A child may see a neurologist for seizures, a gastroenterologist for feeding issues, and a developmental pediatrician for delays, without anyone connecting the dots.
Studies have shown that patients and their families frequently wait years before receiving a confirmed diagnosis. Globally, rare disease diagnosis can take anywhere between 5–30 years.
In a country like India, where healthcare expenses are often paid out-of-pocket, this prolonged uncertainty can be devastating. Beyond cost, there is the psychological toll; parents wondering if they missed something and adult patients often questioning whether their symptoms are “all in their head”. During this period, families undergo repeated tests, face conflicting opinions, and bear significant emotional and financial strains.
Research shows that families experience profound emotional burden during the diagnostic odyssey, including stress, anxiety, and feelings of isolation.
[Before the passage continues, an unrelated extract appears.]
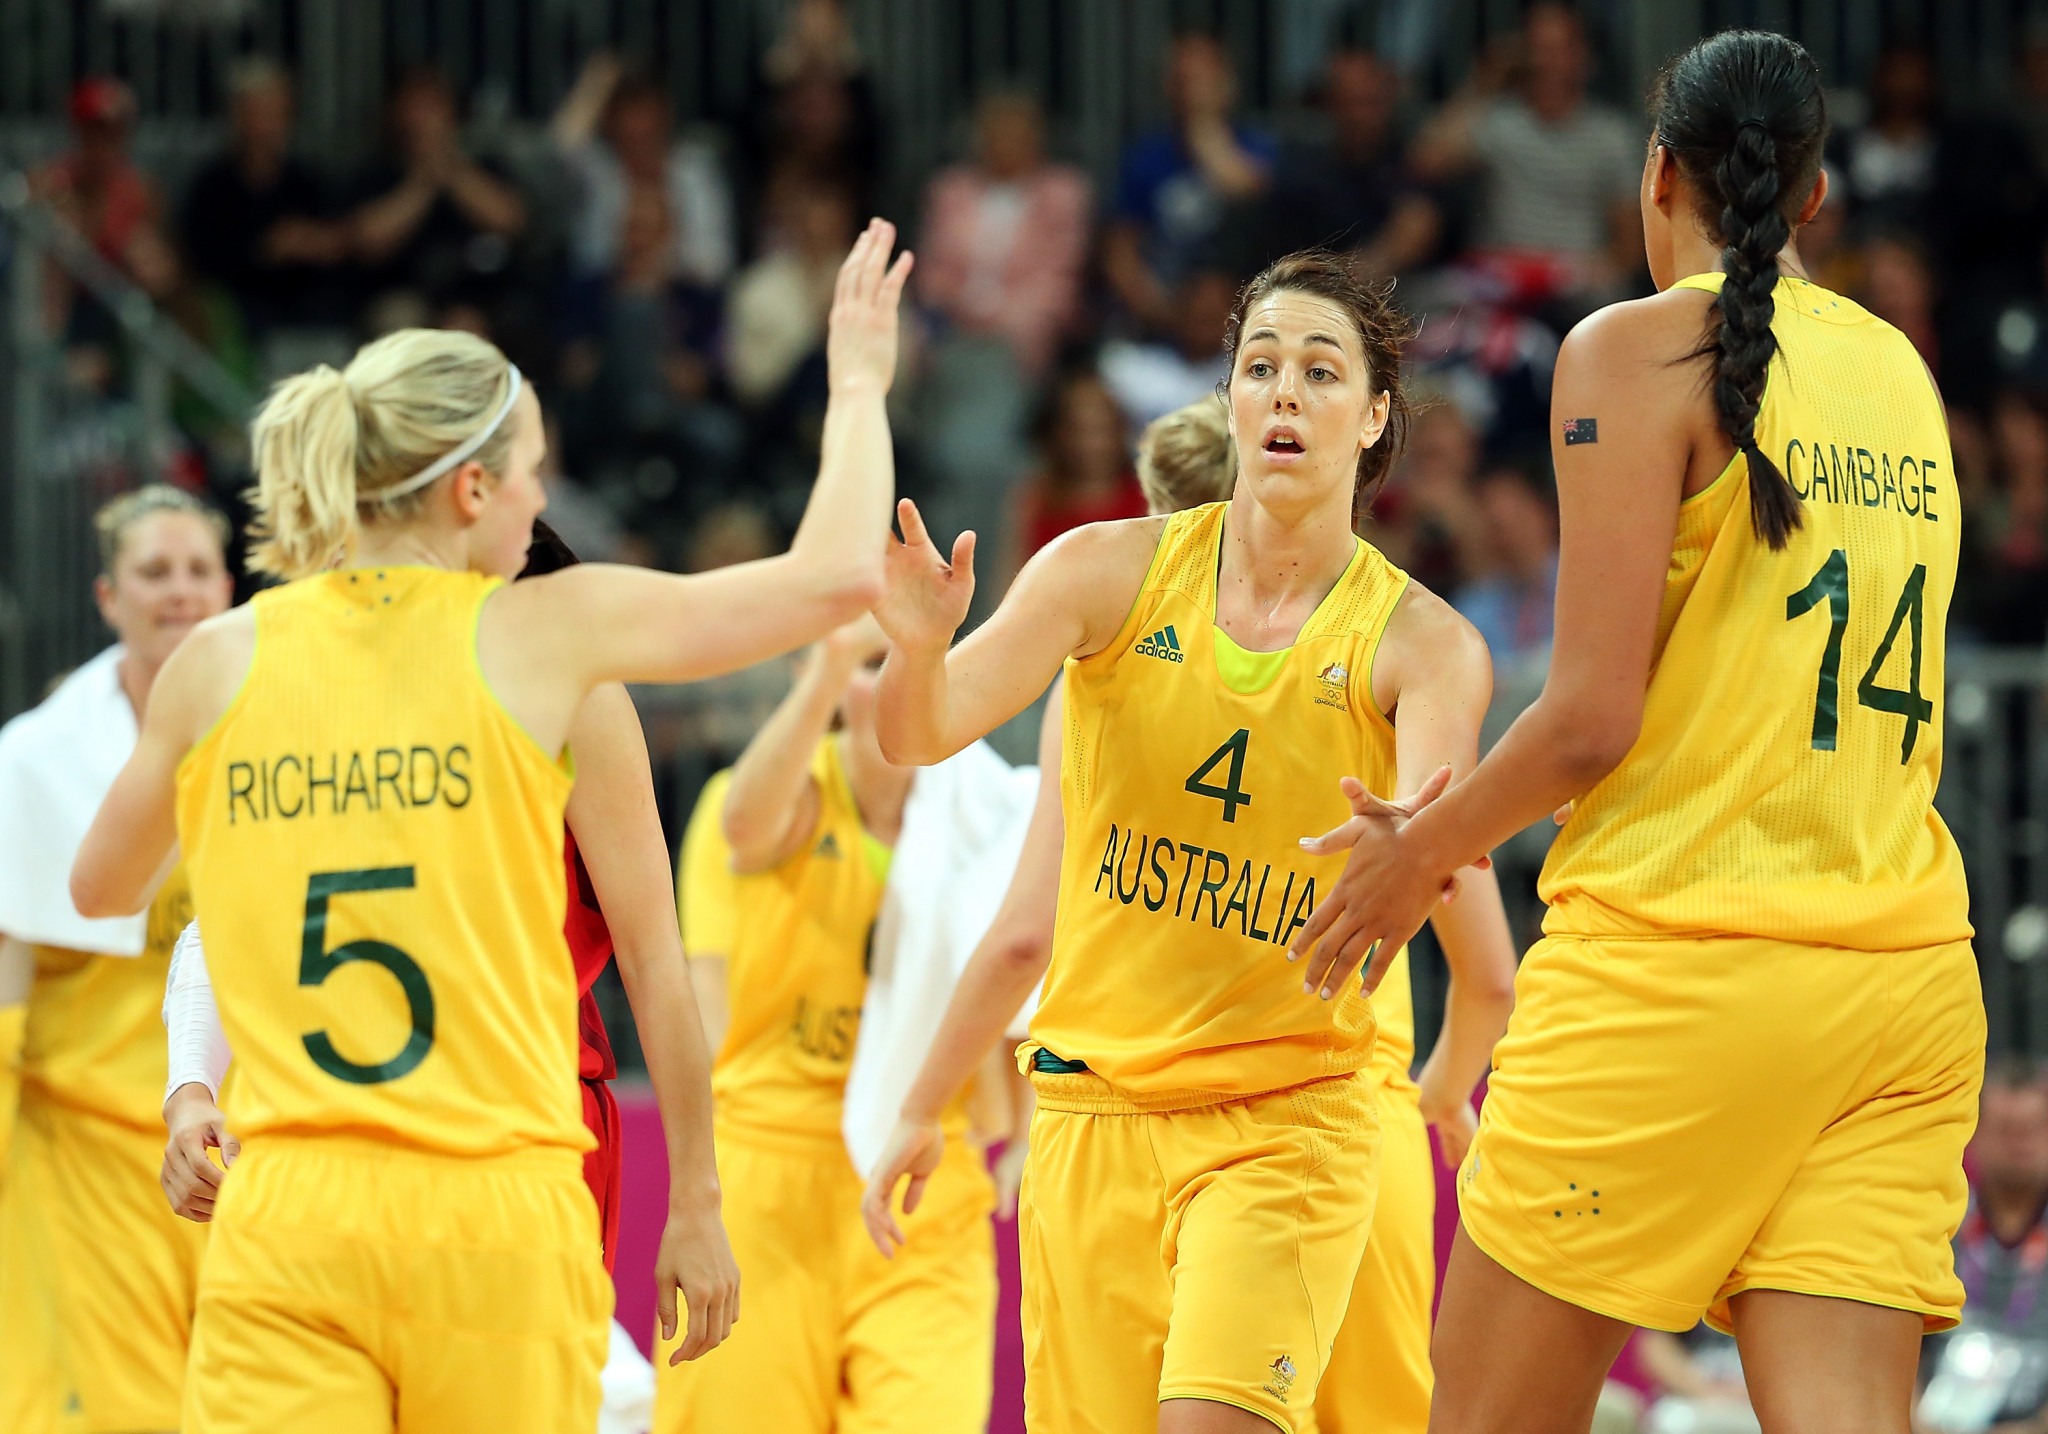 Австралия - Новая Зеландия. Прогноз и ставки на баскетбол. 2 июля 2023 года
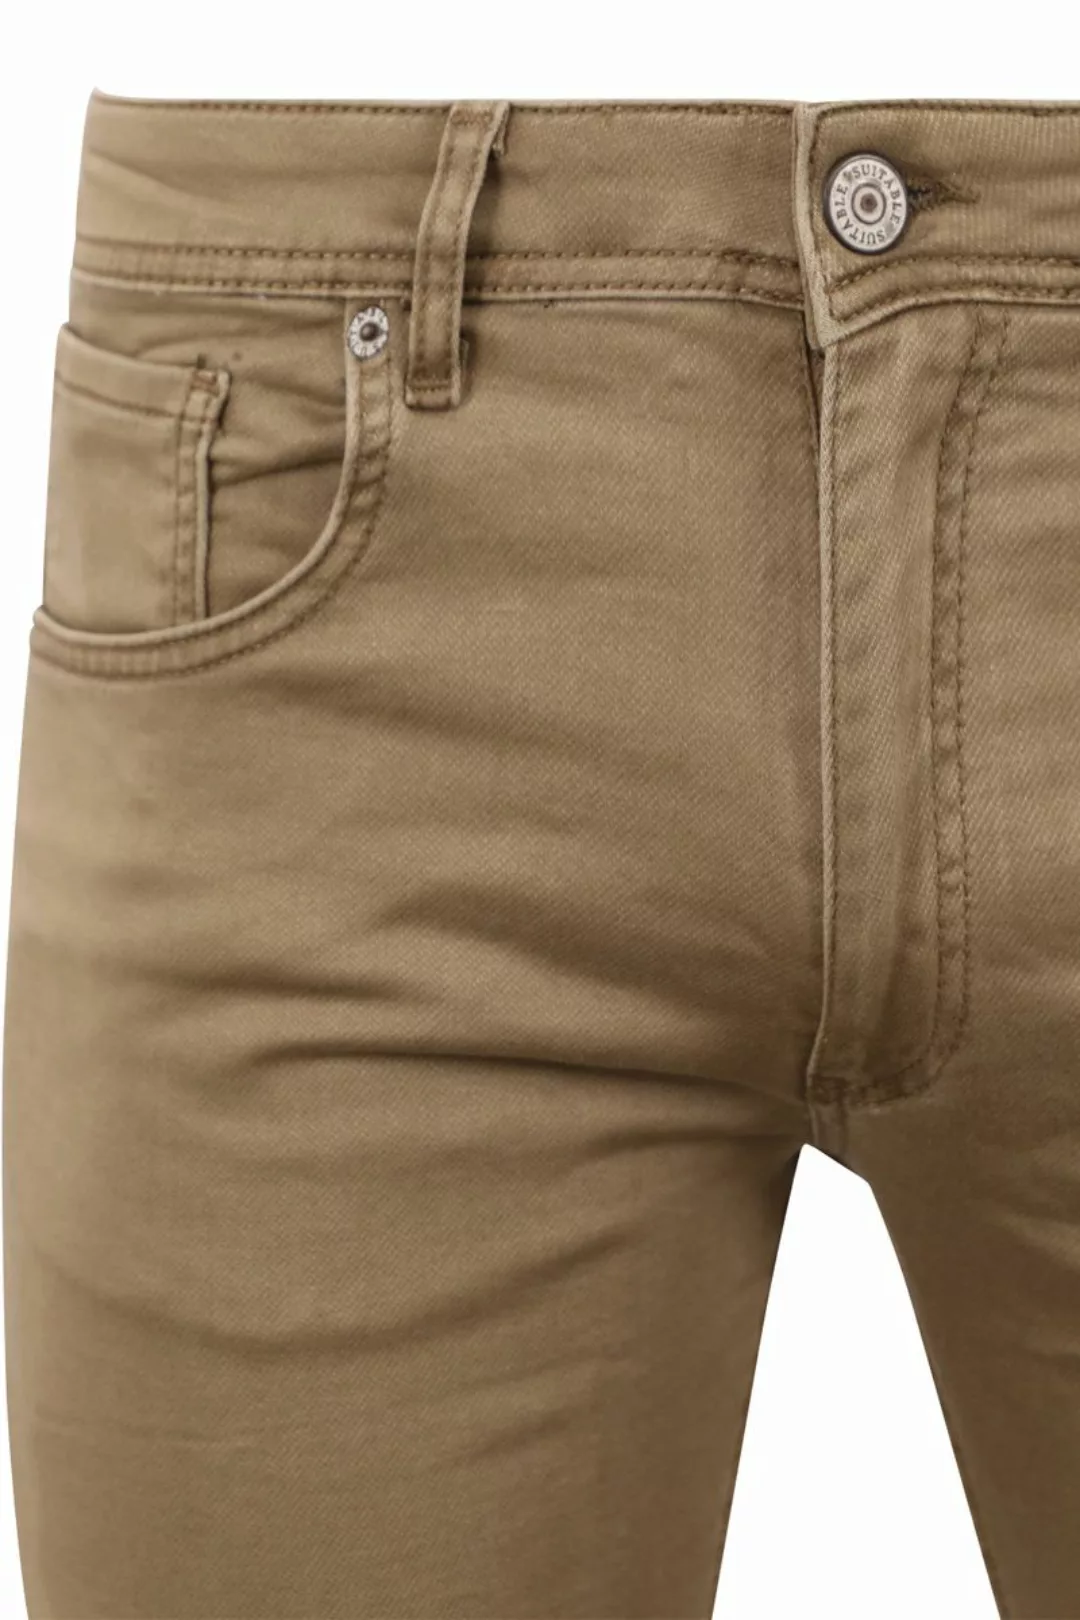 Suitable Kant Jeans Khaki - Größe W 34 - L 34 günstig online kaufen

In many cases, the explanation is written into a person’s DNA. Genetic disorders rarely announce themselves clearly; instead, they often mimic common illnesses. Fatigue may look like anemia, developmental delay may resemble a learning difficulty, and repeated infections might be treated as isolated events rather than part of a larger pattern. Because the symptoms overlap with more familiar conditions, doctors naturally begin by treating what appears most likely.
Most healthcare systems also follow a step-by-step diagnostic approach; rule out the common causes first, then move to less common ones if symptoms persist. While this method works well for typical illnesses, it can significantly delay answers for rare genetic conditions. Without looking directly at the genetic blueprint, the underlying cause may remain hidden, even as the visible symptoms are managed one at a time.
Today, advances in genomic technologies such as whole-exome sequencing (WES) and whole-genome sequencing (WGS) allow us to examine thousands of genes simultaneously. Rather than guessing which gene might be responsible, we can comprehensively analyze a patient’s DNA to search for answers.
Evidence increasingly supports the use of genomic sequencing earlier in the diagnosis and care of rare diseases. Similarly, studies highlight how genomic testing not only provides diagnoses but also directly influences treatment decisions and long-term care planning.
In the Indian context, integrating genetic testing earlier could transform care. Instead of years of fragmented consultations, patients could receive a precise diagnosis sooner. This clarity can:
Encouragingly, awareness around rare diseases is growing in India, and conversations around early genomic testing are becoming more mainstream. As technology becomes more affordable and accessible, we have an opportunity to fundamentally change the patient journey.
No family should spend years searching for answers when science has the tools to help. By embracing genomic medicine earlier in the diagnostic pathway, we can shorten the odyssey, reduce suffering, and empower families with clarity.
Because when symptoms don’t add up, sometimes the answer lies written in our genes.